31. Do not waste food, or much of anything.
32. Buy less stuff. Collect other people's cast-offs. Buy used stuff instead of new. Never buy clothing (there are plenty of extras out there).
33. Buy stuff that lasts a long time, and take care of it.
34. Use heat sparingly in winter, and A/C sparingly in summer. We keep our thermostat for A/C at 81F, except occasionally turning it down to 79 or 78F. In winter we keep it at 65 normally and dress warmly. Insulate the coldest walls and rooms -- I add an extra layer of insulation inside and outside the walls.
35. No pets, besides chickens and an occasional goldfish. Maybe will spring for a hamster or rabbit someday, if we can feed it kitchen scraps.
36. Never buy pressure treated wood. Buy only wood certified from managed forests, no redwood or exotic woods.
37. Never use primer (isn't necessary). Reduce paint usage. Never use paint sprayer.
38. Almost never buy carpet. Reduce rug usage.
39. Don't wear underwear.
40. Never buy furniture or cabinets made from pressboard (wears out too fast and is sent to landfill).

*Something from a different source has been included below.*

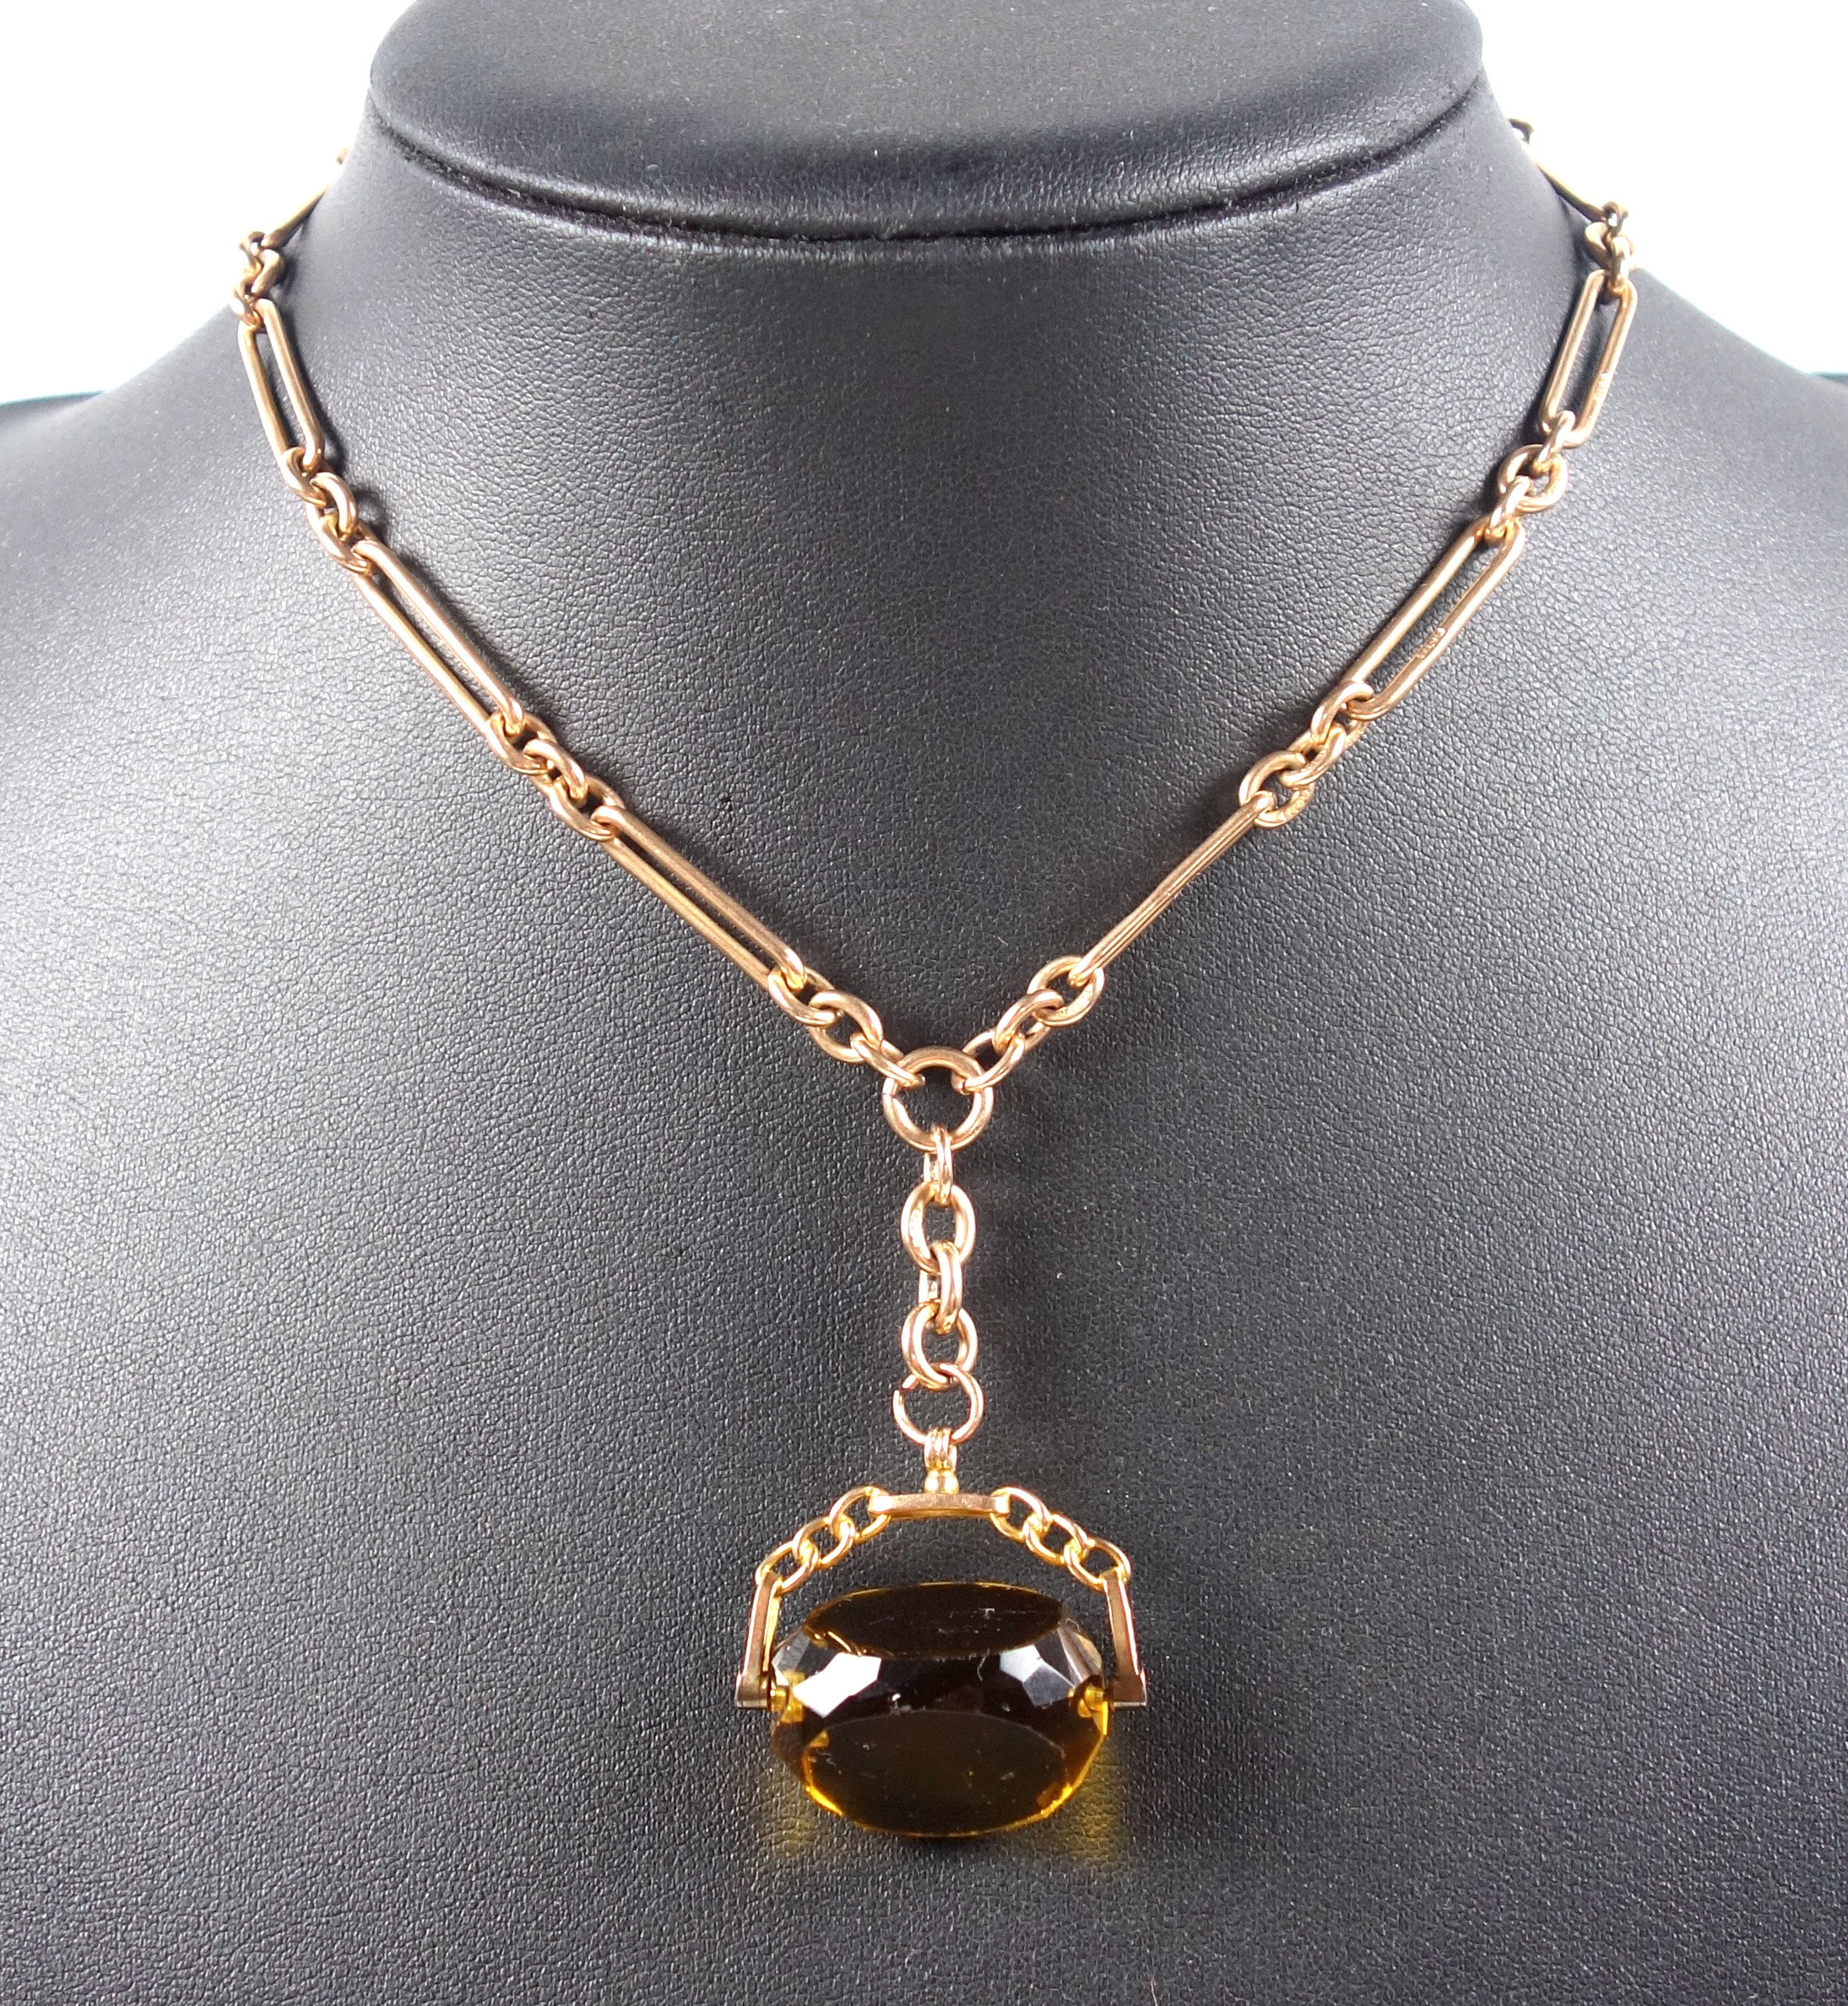 9ct gold Figaro belcher chain with two 'dog collar' clasps together with a 9ct gold citrine fob, - Image 5 of 5

OK, that's enough for now. These are things I am already doing. I feel like I am about 25% of the way there, given where I was as a starting point, living like a "normal" American yuppie, sort of. "Earthbonk" is a term that refers to your total pollution and ecological destruction. Mine was very high, even for an American. :/


  • At 2:39 pm, Blogger flyingvan said…

    Got it, yeah, OK, Already do that, mkes sense, yeah,...NO BEER??? WTF?? Beer is sutainable. Beer is proof God loves us and wants us to be happy!!!!
    Oh and CFC bulbs take lots of energy to produce and use mercury, and are made in China where the mercury isn't handled well. Other than that....I think the key to sustainability is flexibility. Just as omnivores do well because they can eat whatever is available, if you utilize whatever is cheap and plentiful (hydrocarbons for now) you can do OK. Why move away prematurely? We have a bumper crop of grapes this year, but they will run out. Should we stop eating them now, since they will be gone in December?

  • At 6:53 am, Blogger kotrynell said…

    wait, why don't you wear underwear?

  • At 6:55 am, Blogger kotrynell said…

    This comment has been removed by the author.